The task:
Transcribe exactly everything in the data below from the line containing "в Сан-Паулу, Бразилия" down to the line containing "豐田致炫1.3L自動檔兩廂車", both lines included and nothing further.

Data:
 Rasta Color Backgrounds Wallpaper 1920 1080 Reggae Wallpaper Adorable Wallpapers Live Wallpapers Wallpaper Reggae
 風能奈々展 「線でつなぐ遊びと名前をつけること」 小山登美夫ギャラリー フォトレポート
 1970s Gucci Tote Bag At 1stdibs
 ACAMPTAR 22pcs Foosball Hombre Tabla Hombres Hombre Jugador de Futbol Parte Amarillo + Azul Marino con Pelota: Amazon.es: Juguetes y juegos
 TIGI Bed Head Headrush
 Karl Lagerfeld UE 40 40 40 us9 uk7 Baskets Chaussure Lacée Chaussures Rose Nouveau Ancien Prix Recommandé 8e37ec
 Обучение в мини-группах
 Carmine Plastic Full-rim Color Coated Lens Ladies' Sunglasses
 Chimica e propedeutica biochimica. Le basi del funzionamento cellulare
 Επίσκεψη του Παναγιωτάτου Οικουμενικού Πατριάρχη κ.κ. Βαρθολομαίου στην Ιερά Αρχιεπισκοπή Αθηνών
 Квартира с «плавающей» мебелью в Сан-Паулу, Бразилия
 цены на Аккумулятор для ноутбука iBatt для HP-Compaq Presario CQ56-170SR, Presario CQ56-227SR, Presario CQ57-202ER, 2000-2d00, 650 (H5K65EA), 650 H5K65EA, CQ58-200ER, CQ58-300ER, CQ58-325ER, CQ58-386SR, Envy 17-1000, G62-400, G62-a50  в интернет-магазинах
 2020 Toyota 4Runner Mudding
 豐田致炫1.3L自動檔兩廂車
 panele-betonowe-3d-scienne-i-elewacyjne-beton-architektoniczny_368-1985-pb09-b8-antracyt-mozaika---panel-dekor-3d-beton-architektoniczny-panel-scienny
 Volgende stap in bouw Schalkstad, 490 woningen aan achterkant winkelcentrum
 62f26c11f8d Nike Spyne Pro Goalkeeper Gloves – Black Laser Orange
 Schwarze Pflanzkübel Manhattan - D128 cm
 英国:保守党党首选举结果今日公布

Completed exercise:
 Квартира с «плавающей» мебелью в Сан-Паулу, Бразилия
 цены на Аккумулятор для ноутбука iBatt для HP-Compaq Presario CQ56-170SR, Presario CQ56-227SR, Presario CQ57-202ER, 2000-2d00, 650 (H5K65EA), 650 H5K65EA, CQ58-200ER, CQ58-300ER, CQ58-325ER, CQ58-386SR, Envy 17-1000, G62-400, G62-a50  в интернет-магазинах
 2020 Toyota 4Runner Mudding
 豐田致炫1.3L自動檔兩廂車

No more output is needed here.